The answer is to be the lines below that lie between the line holding "Audemars Piguet 15450BA.OO.1256BA.01" and the line holding "Twill silk scarf", inclusive, transcribed exactly and free of pictures.

# INPUT DATA
____________________

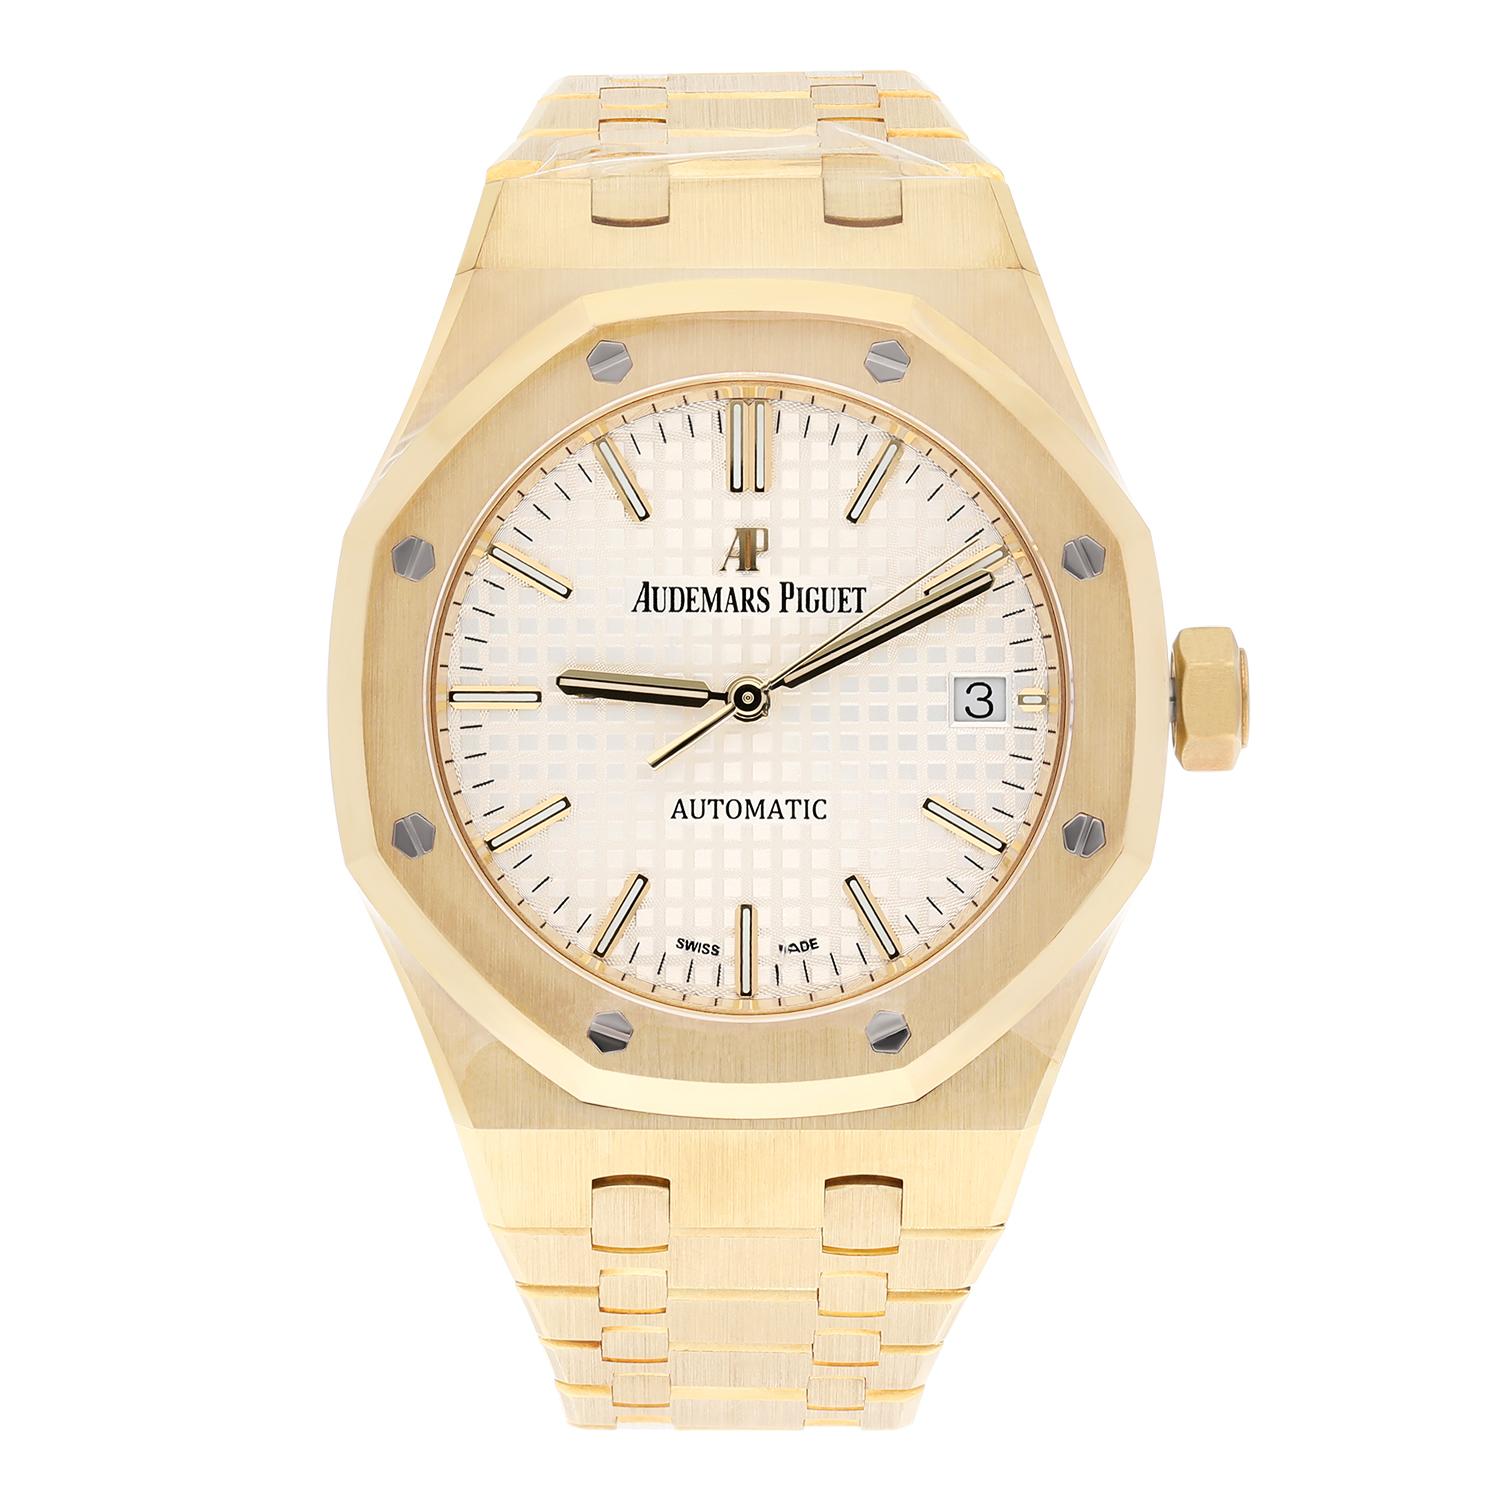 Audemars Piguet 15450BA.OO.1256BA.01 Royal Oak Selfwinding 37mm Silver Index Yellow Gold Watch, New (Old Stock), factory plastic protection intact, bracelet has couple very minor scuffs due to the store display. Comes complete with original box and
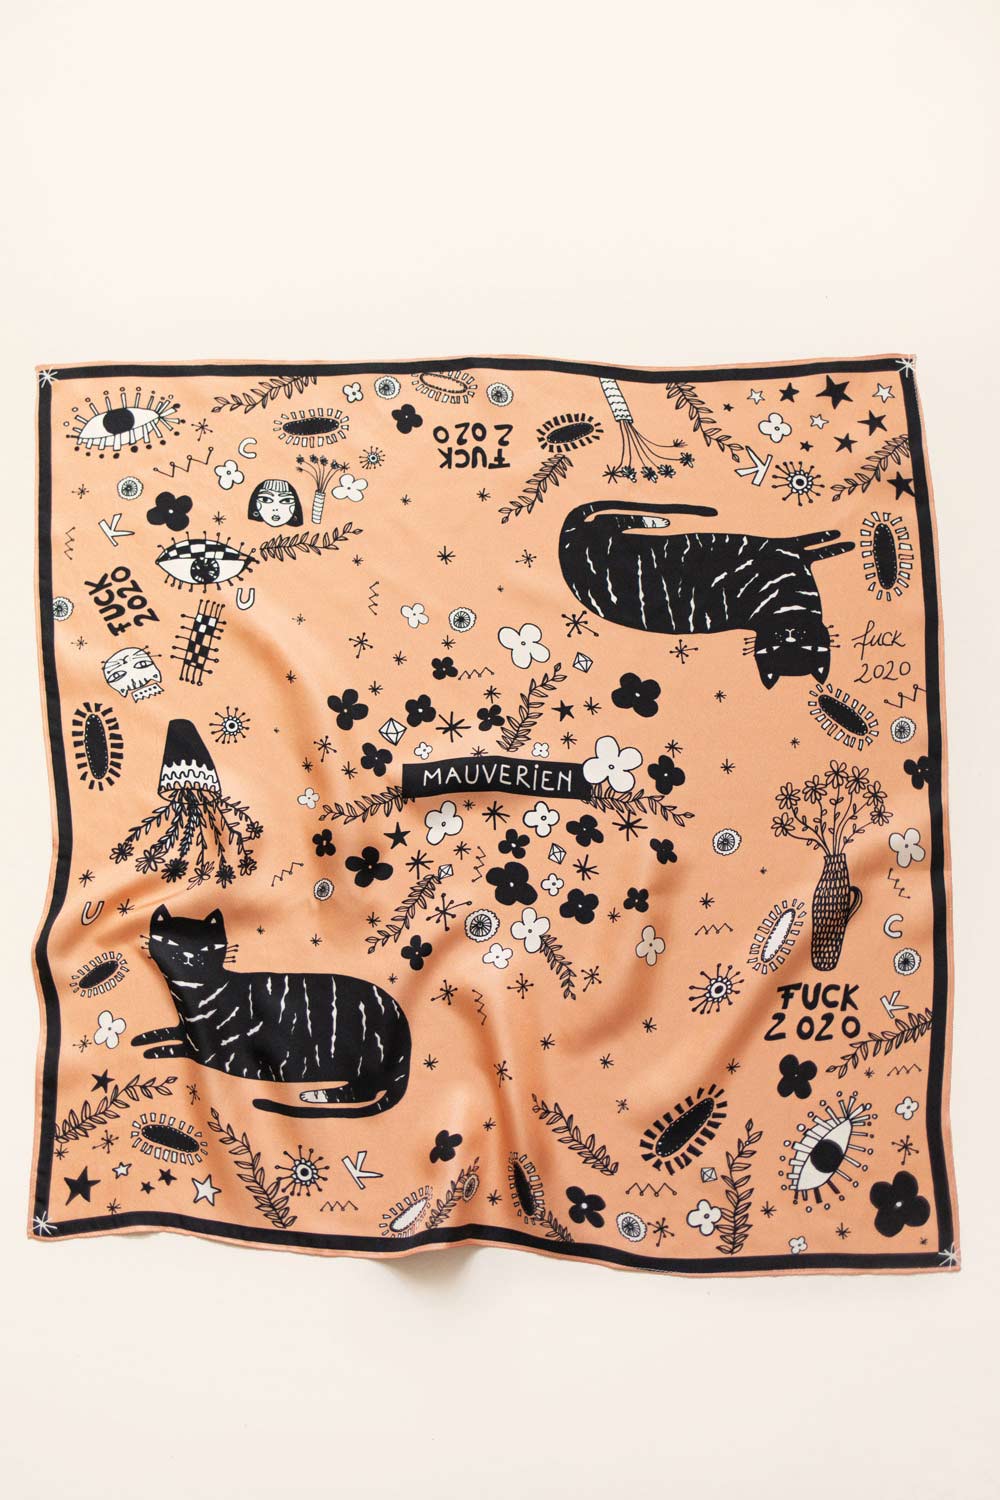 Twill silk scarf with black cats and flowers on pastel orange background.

____________________

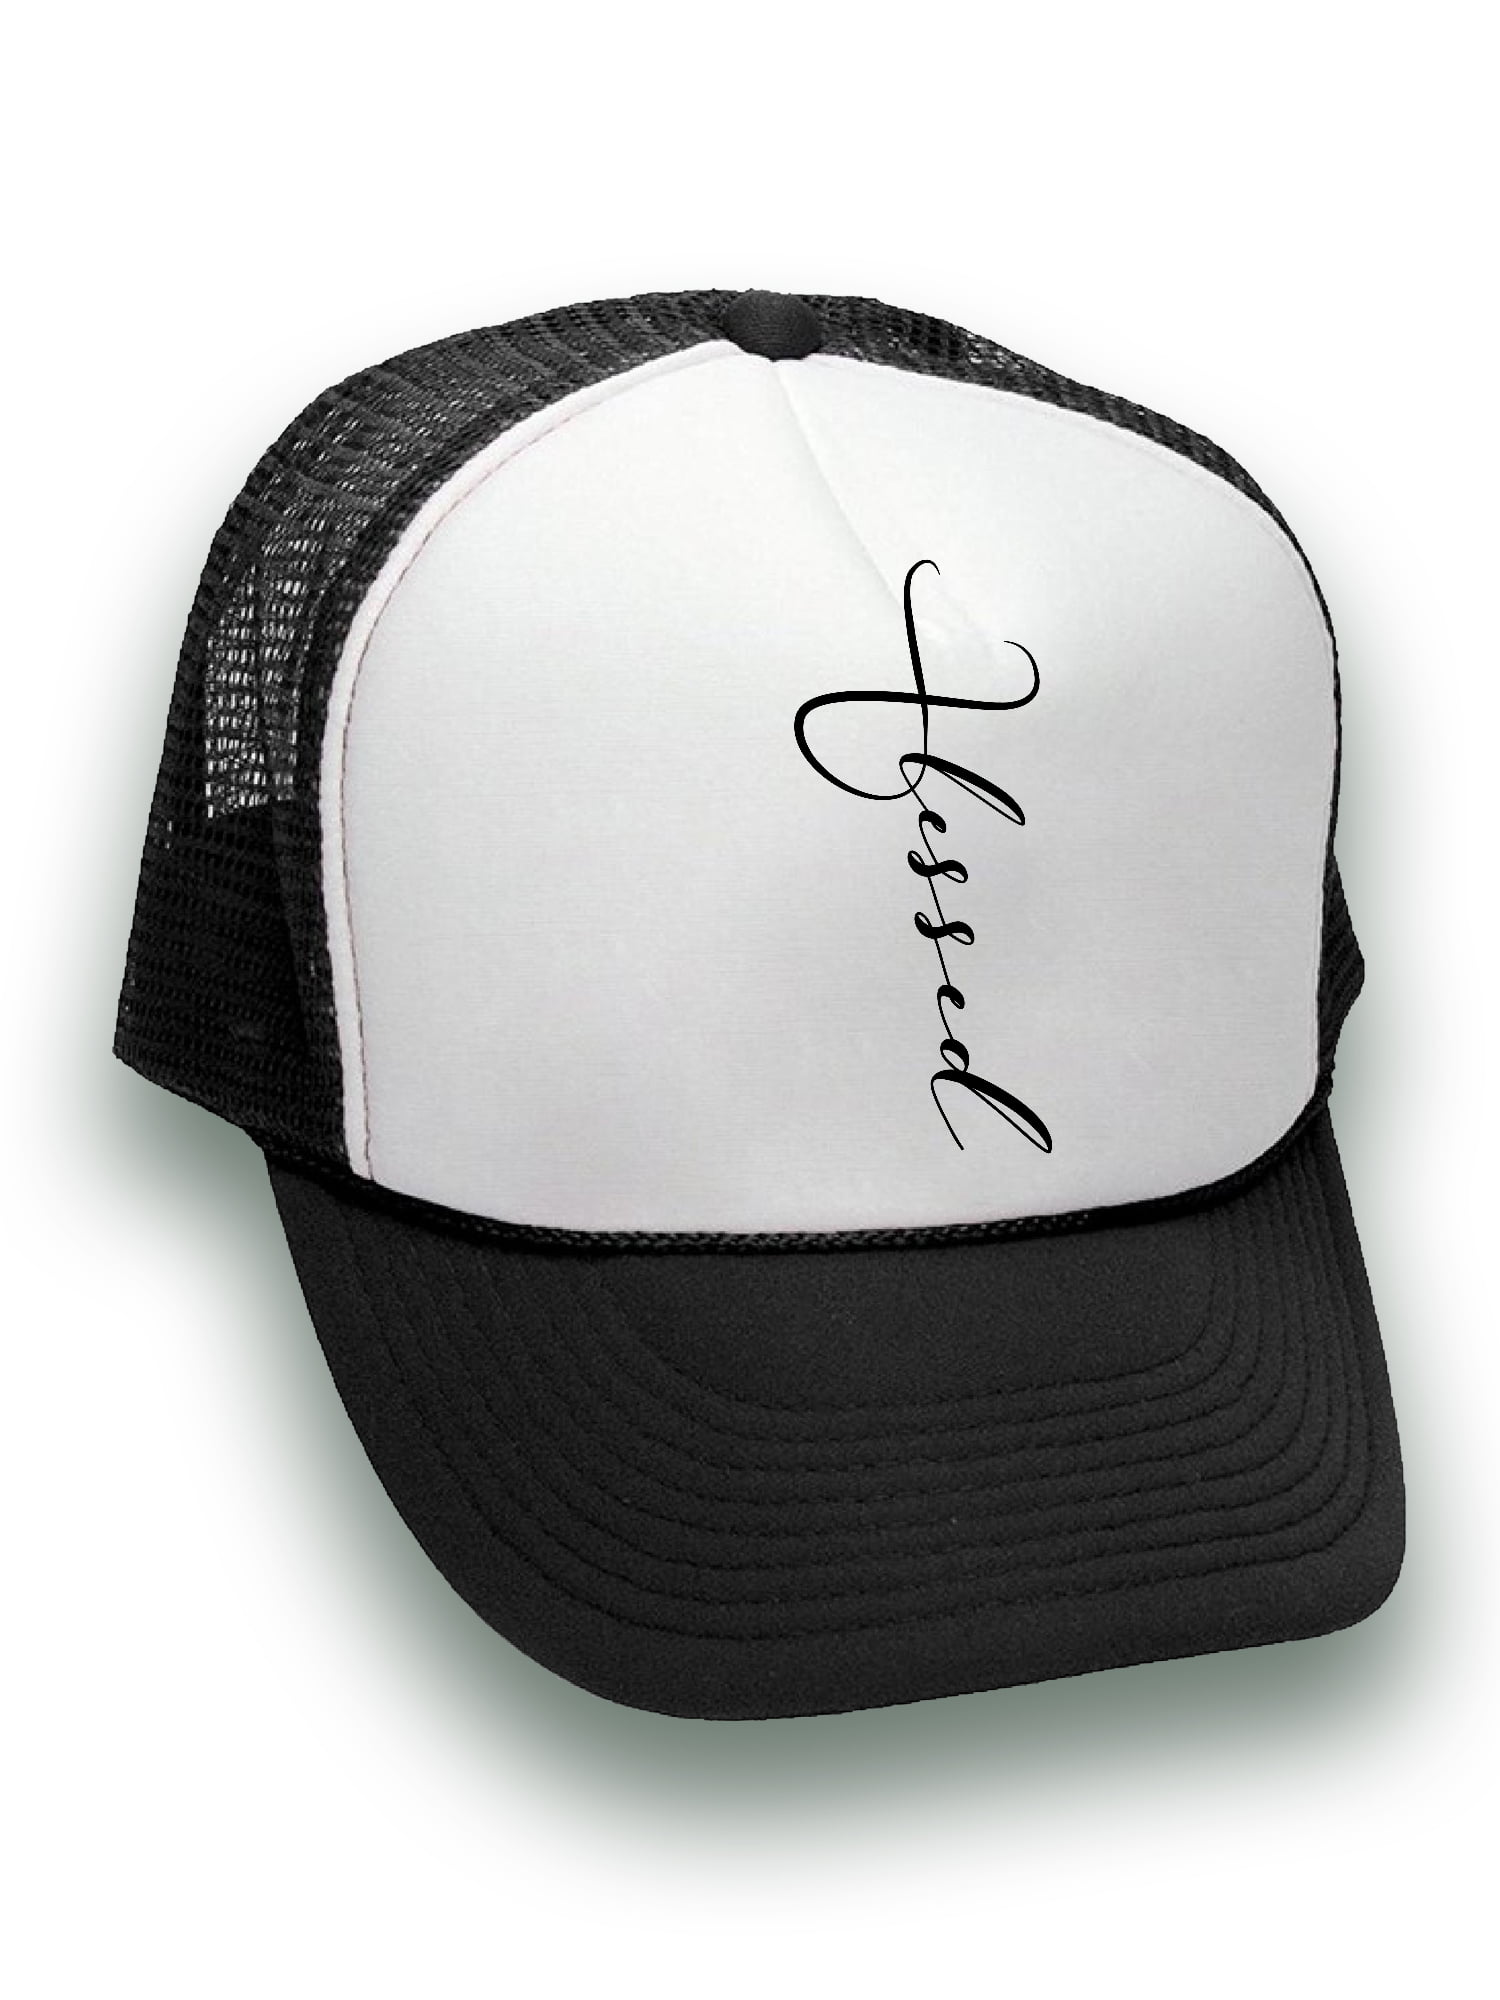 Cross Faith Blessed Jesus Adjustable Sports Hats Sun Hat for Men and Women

____________________

# ANSWER SPACE
 Audemars Piguet 15450BA.OO.1256BA.01 Royal Oak Selfwinding 37mm Silver Index Yellow Gold Watch, New (Old Stock), factory plastic protection intact, bracelet has couple very minor scuffs due to the store display. Comes complete with original box and
 Twill silk scarf with black cats and flowers on pastel orange background.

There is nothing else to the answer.